Question from Introduction to Modern Cosmology by Andrew Liddle

Question

The exact question goes like this: In the real Universe the expansion is not completely uniform. Rather, galaxies exhibit some random motion relative to the overall Hubble expansion, known as their peculiar velocity and caused by the gravitational pull of their near neighbours. Supposing that a typical (e.g. root mean square) galaxy peculiar velocity is 600 km s-1, how far away would a galaxy have to be before it could be used to determine the Hubble constant to ten per cent accuracy, supposing

(a) The true value of the Hubble constant is 100 km s-1 Mpc-1?

(b) The true value of the Hubble constant is 50 km s-1 Mpc-1

Assume in your calculation that the galaxy distance and redshift could be measured exactly. Unfortunately, that is not true of real observations.

I started off by writing the hubbles equation and as they mentioned it should be accurate to 10% so its peculiar velocity (given as about 600 km/s) is less than or equal to 10% of its expansion velocity. But this gives me different answer.

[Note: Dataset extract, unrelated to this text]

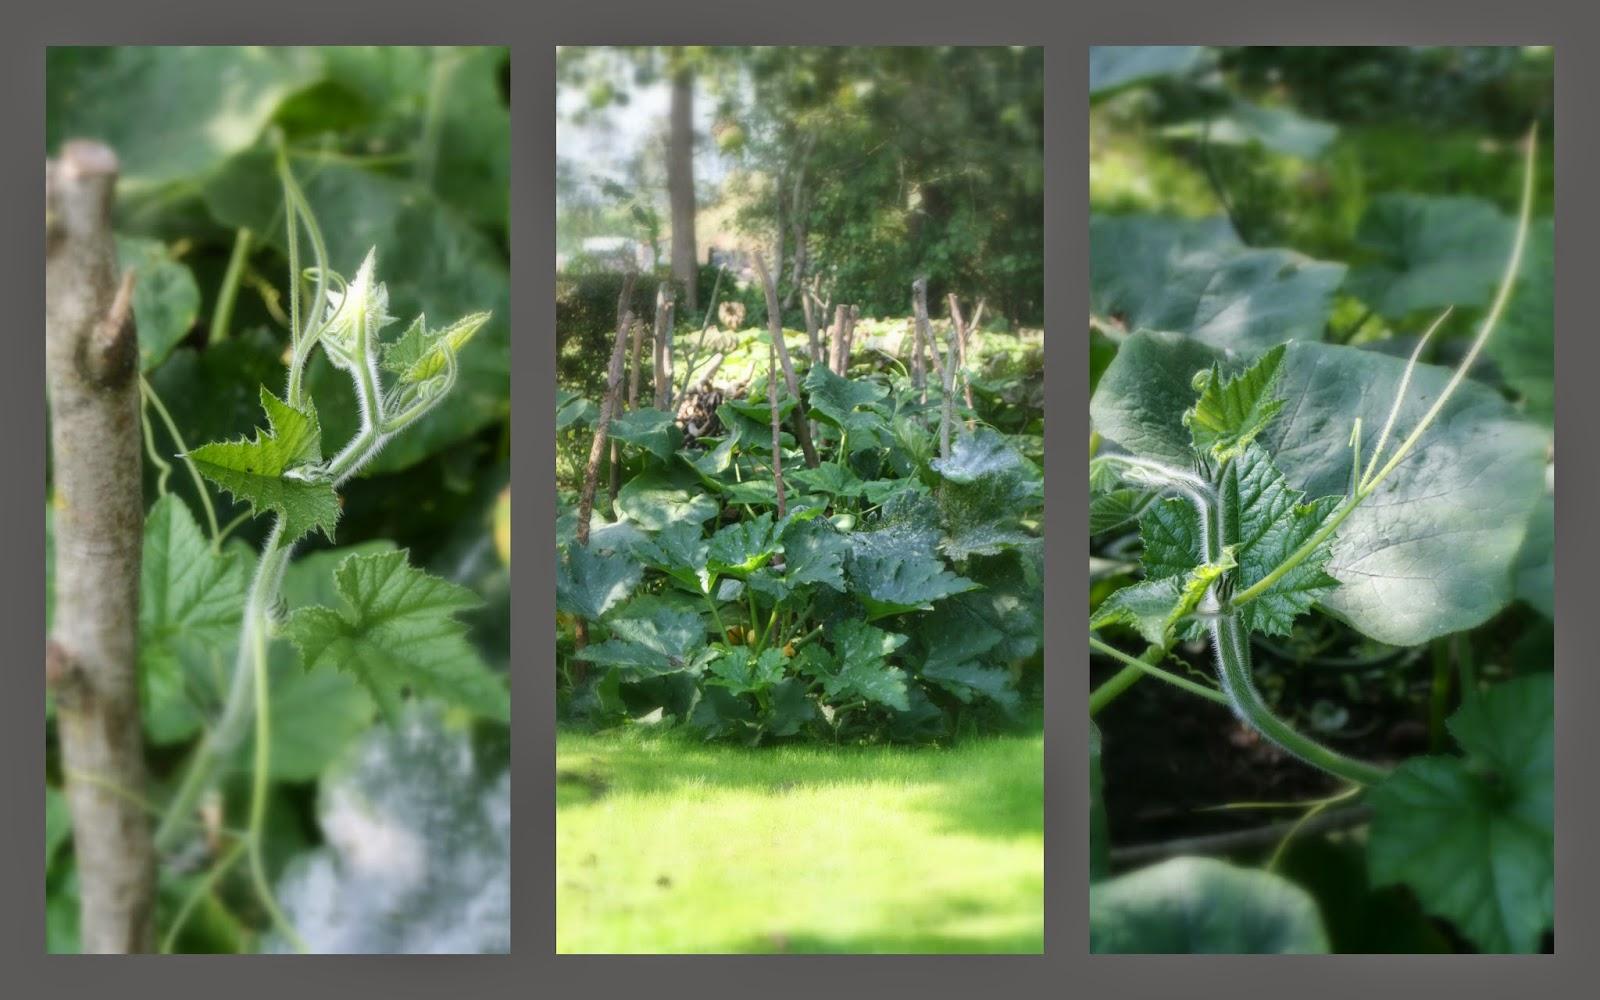 Greftenhus oan e ie: midsummer / herfst

The actual answer to the problem as stated in the book is Slightly different answers are possible depending how you deal with the rms velocity. You should get something like r > 35 Mpc for H0 = 100km s-1 and r > 70Mpc for Ho = 50kms-1

What am I missing here? Has it got to do with the RMS velocity as mentioned? Please explain.

Answer 1

From the definition of the rms (e.g. here), $$ \mathrm{rms}^2(x) = \langle x \rangle^2 + \sigma_x^2, $$ where $\langle x \rangle$ is the mean value, and $\sigma_x$ is the dispersion.

For galaxies with random velocities, the mean velocity should be $\langle x \rangle = 0$, unless they drift in some direction. Hence, the velocity dispersion should be $600\,\mathrm{km}\,\mathrm{s}^{-1}$.

For randomly distributed velocities, the speed $V_{||}$ you measure along your line of sight (LOS) is a factor $\sqrt{3}$ smaller, i.e. $\sim350\,\mathrm{km}\,\mathrm{s}^{-1}$.

Thus, to get a 10% accuracy, the mean value should be 10 times larger, i.e. $\sim 3500\,\mathrm{km}\,\mathrm{s}^{-1}$.

For a Hubble constant of $H_0 = 100\,\mathrm{km}\,\mathrm{s}^{-1}\,\mathrm{Mpc}^{-1}$, that corresponds to a distance of $$ d = \frac{v_{||}}{H_0} \simeq 35\,\mathrm{Mpc}, $$ while for $50 \,\mathrm{km}\,\mathrm{s}^{-1}\,\mathrm{Mpc}^{-1}$ you get $70\,\mathrm{Mpc}$.